- _WHAT YOU HAVE TO DO_
There is a line containing "In Schwerin schreibt" in the records below. Repeat it and every line after it, exactly, through the final line, but no pictures.

- _DATA LISTING_
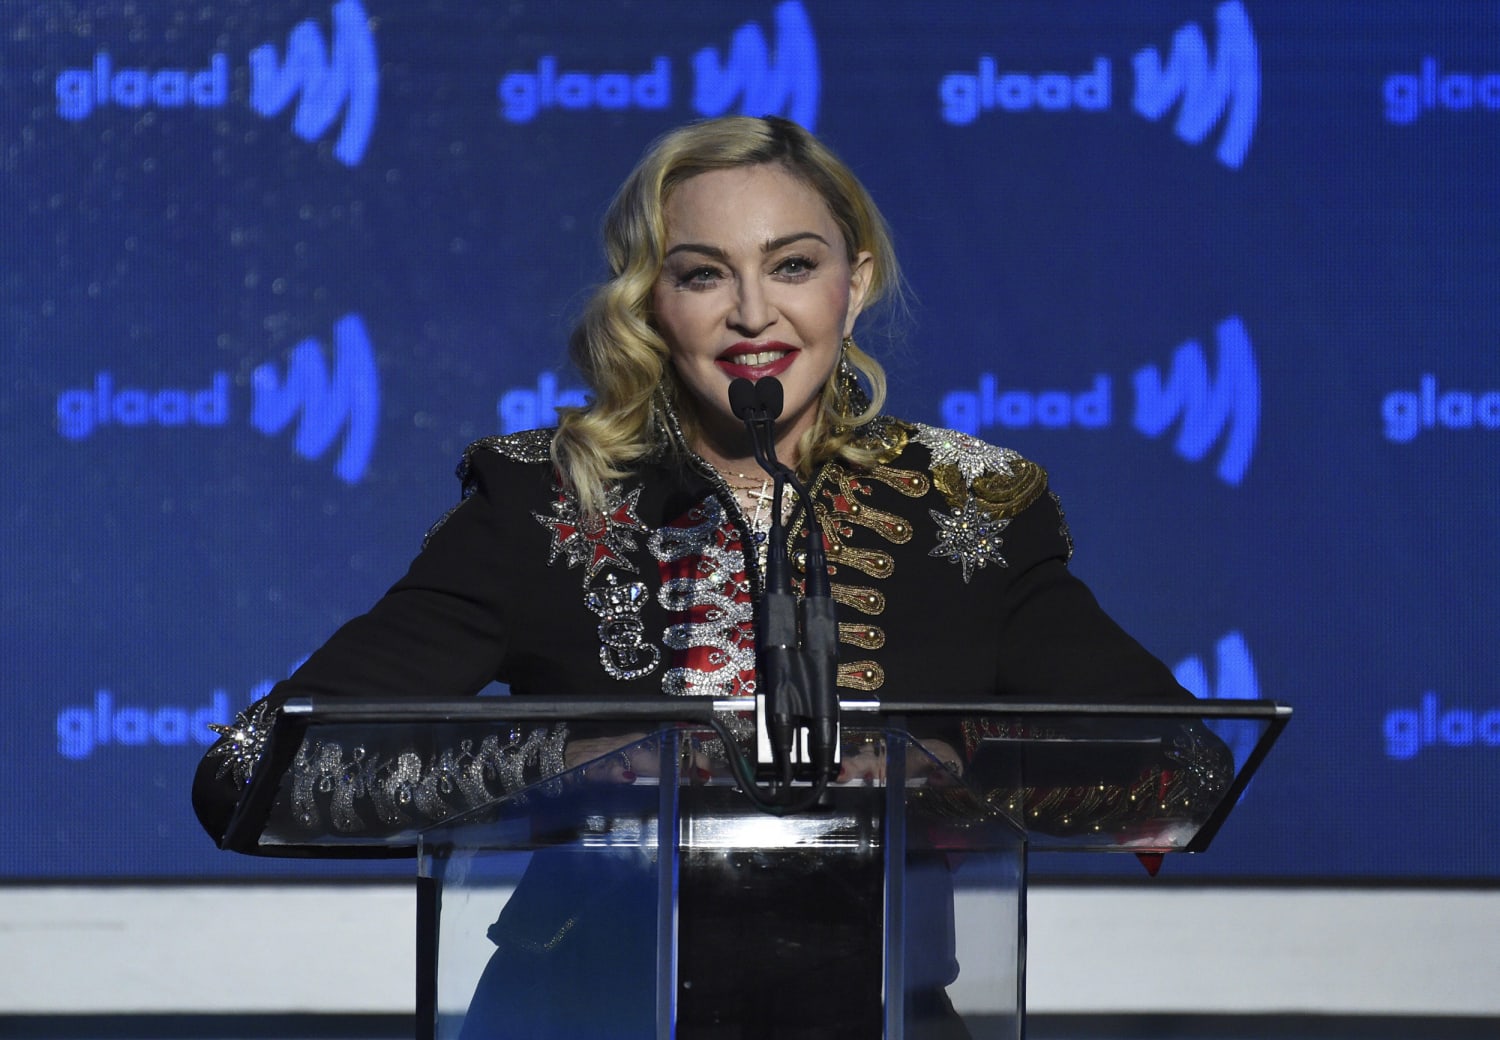 L'étrange vidéo de Madonna parlant du coronavirus dans un bain de
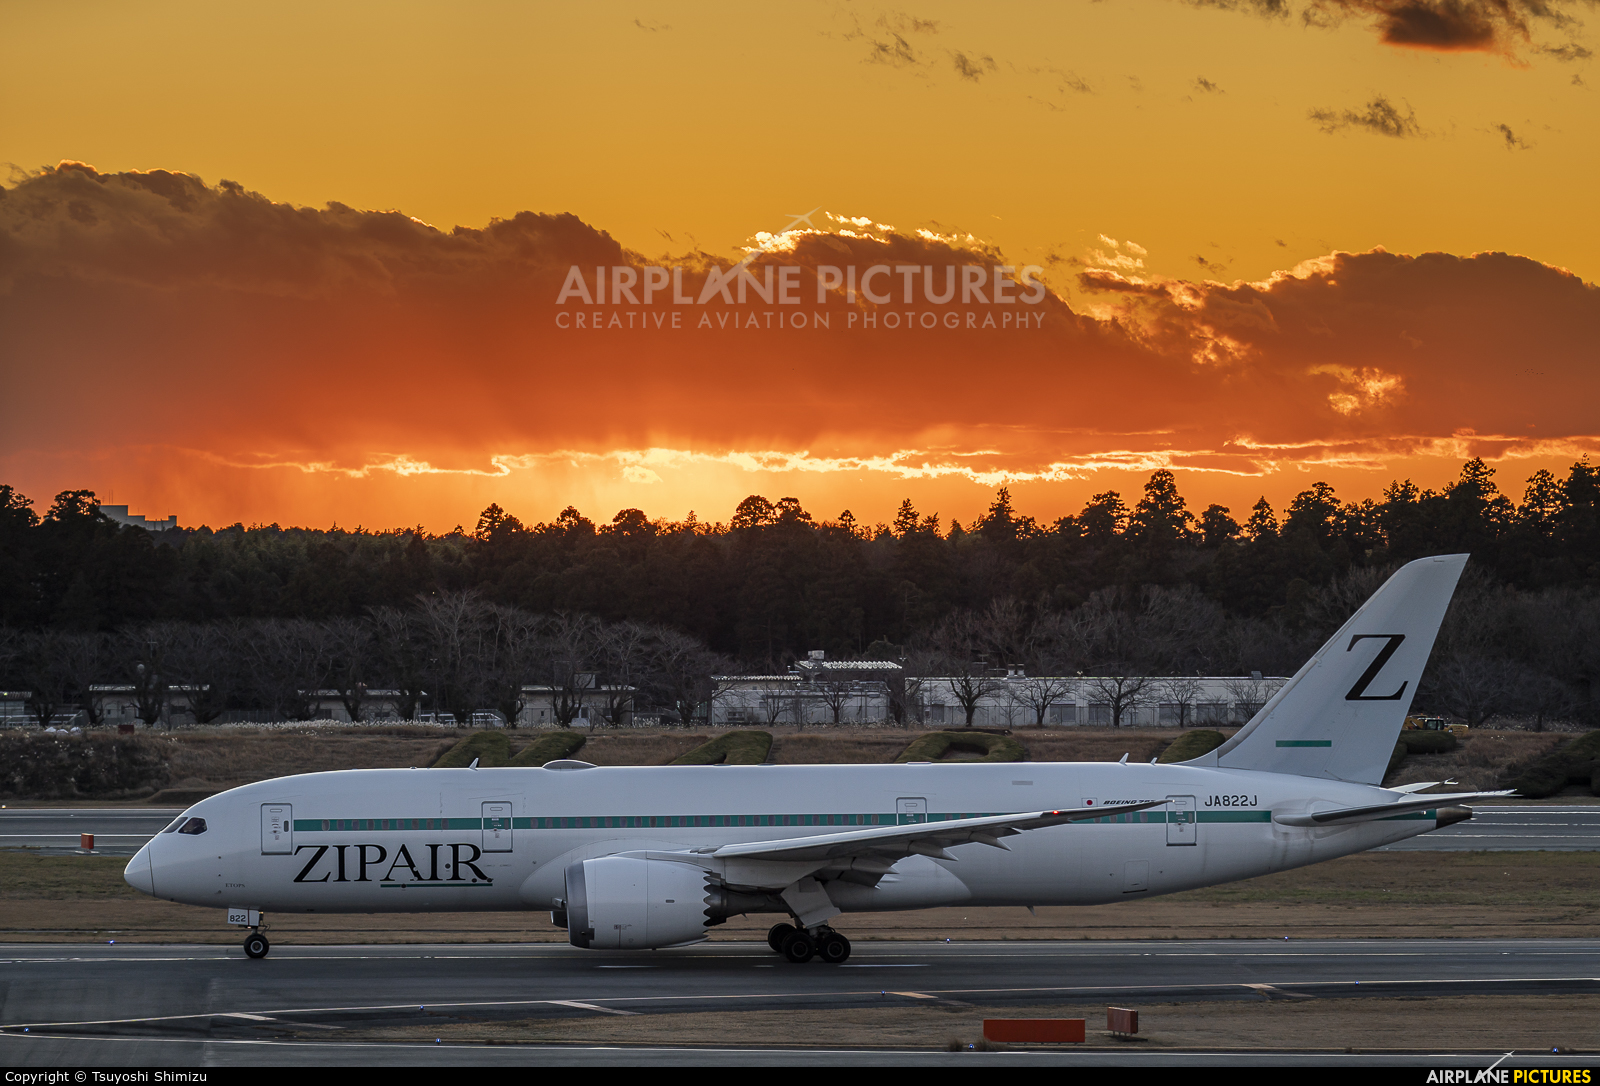 ZIPAIR Tokyo JA822J aircraft at Tokyo - Narita Intl
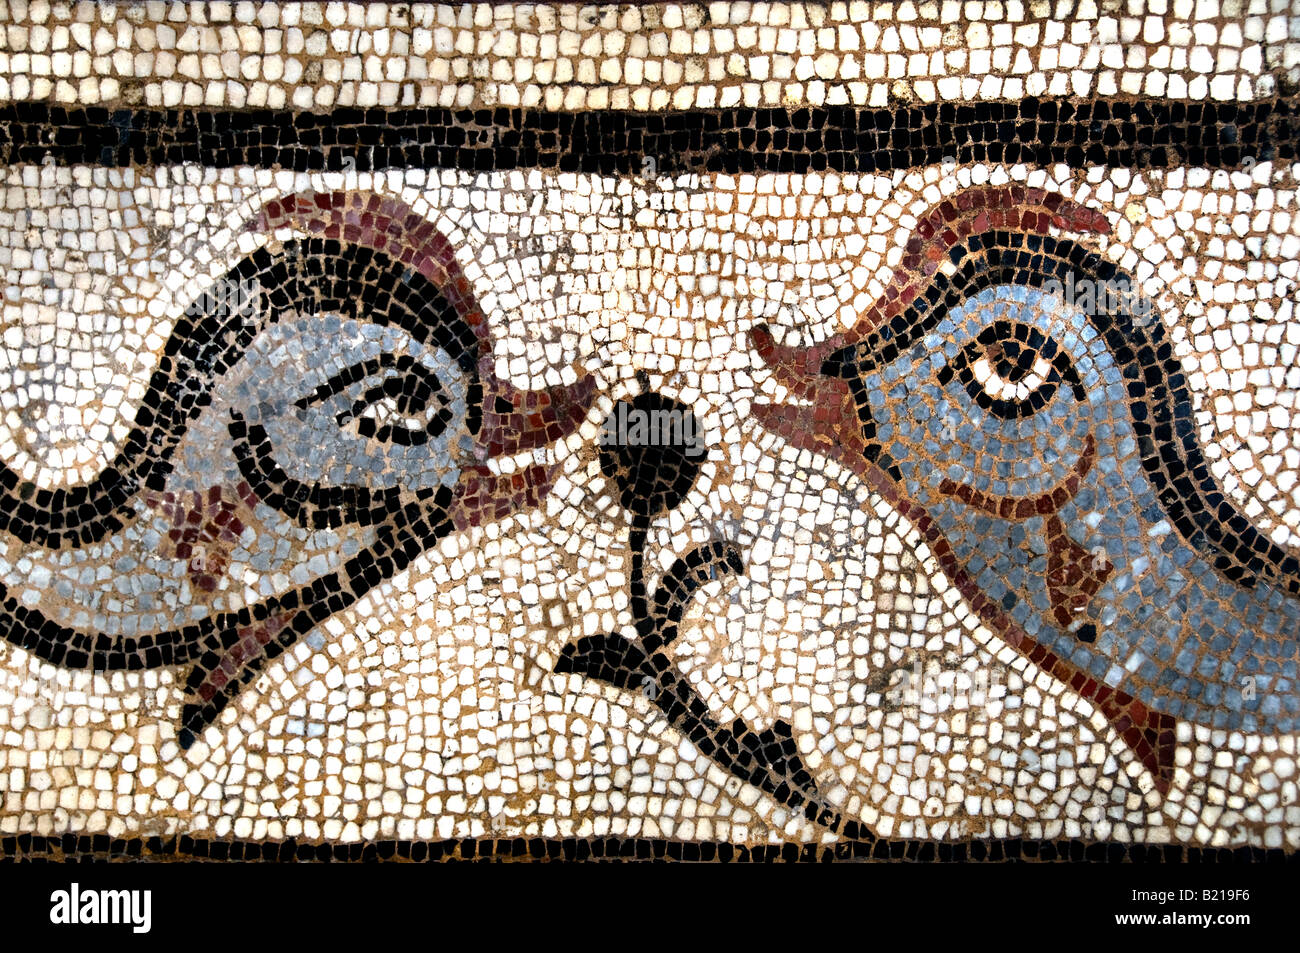 Sezioni di pesce dei mesi e delle stagioni marciapiede iv secolo D.C. Cartagine greco Grecia mitologia archeologia classica storia Foto Stock
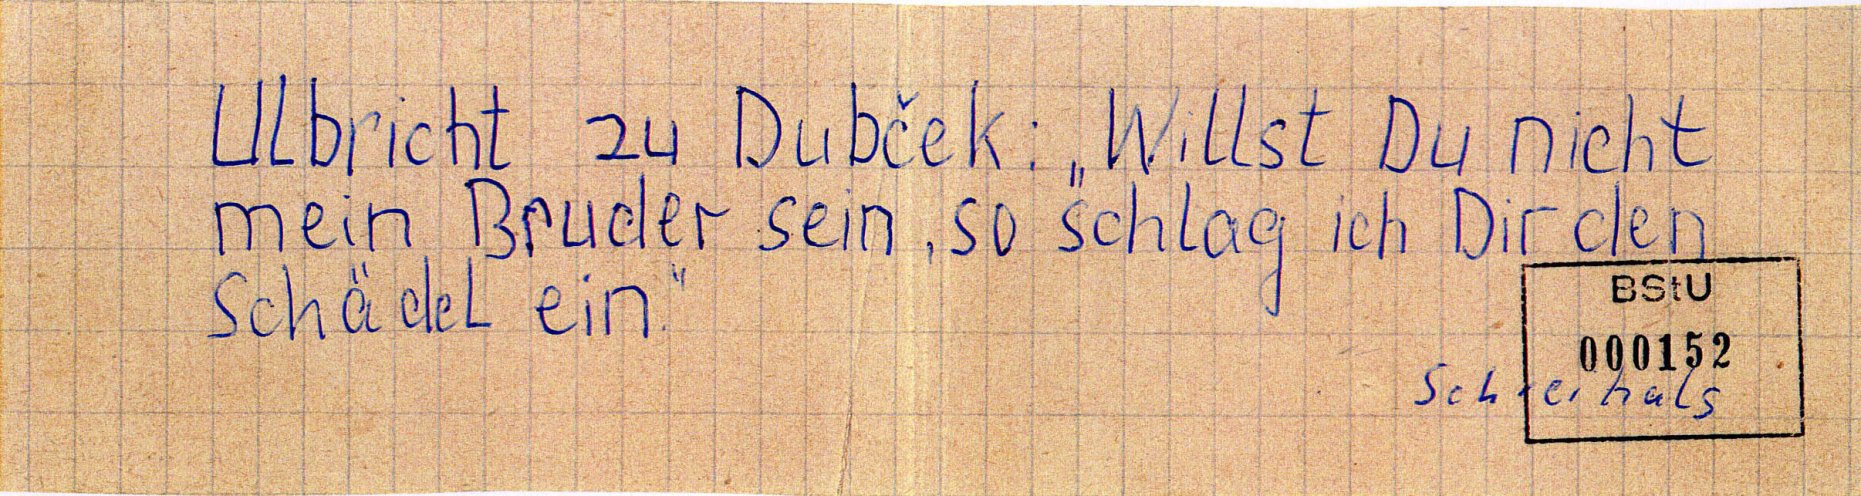 In Schwerin schreibt ein 21-jähriger Flugblätter gegen den Einmarsch der Warschauer-Pakt-Truppen in die CSSR und verteilt diese in Hausbriefkästen in seiner Wohngegend. Quelle: BStU, MfS, BV Schwerin, AU 11/69, GA Bd. 3, Bl. 152, Seite 6 von 10
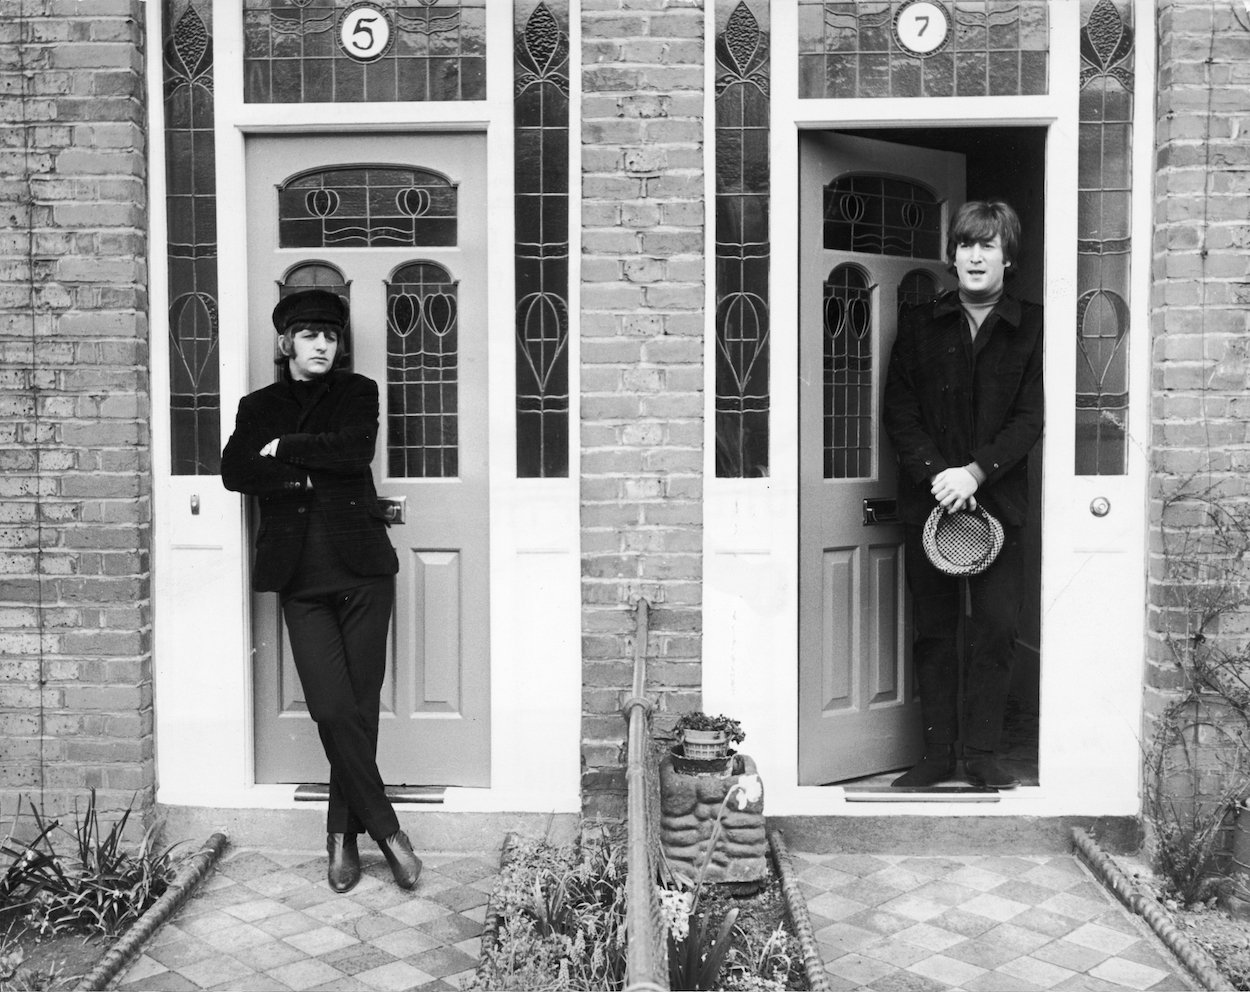 Ringo Starr (left) and John Lennon film 'Help' in 1965 outside apartment doors.

- _RESULT OF THIS TASK_
 In Schwerin schreibt ein 21-jähriger Flugblätter gegen den Einmarsch der Warschauer-Pakt-Truppen in die CSSR und verteilt diese in Hausbriefkästen in seiner Wohngegend. Quelle: BStU, MfS, BV Schwerin, AU 11/69, GA Bd. 3, Bl. 152, Seite 6 von 10
 Ringo Starr (left) and John Lennon film 'Help' in 1965 outside apartment doors.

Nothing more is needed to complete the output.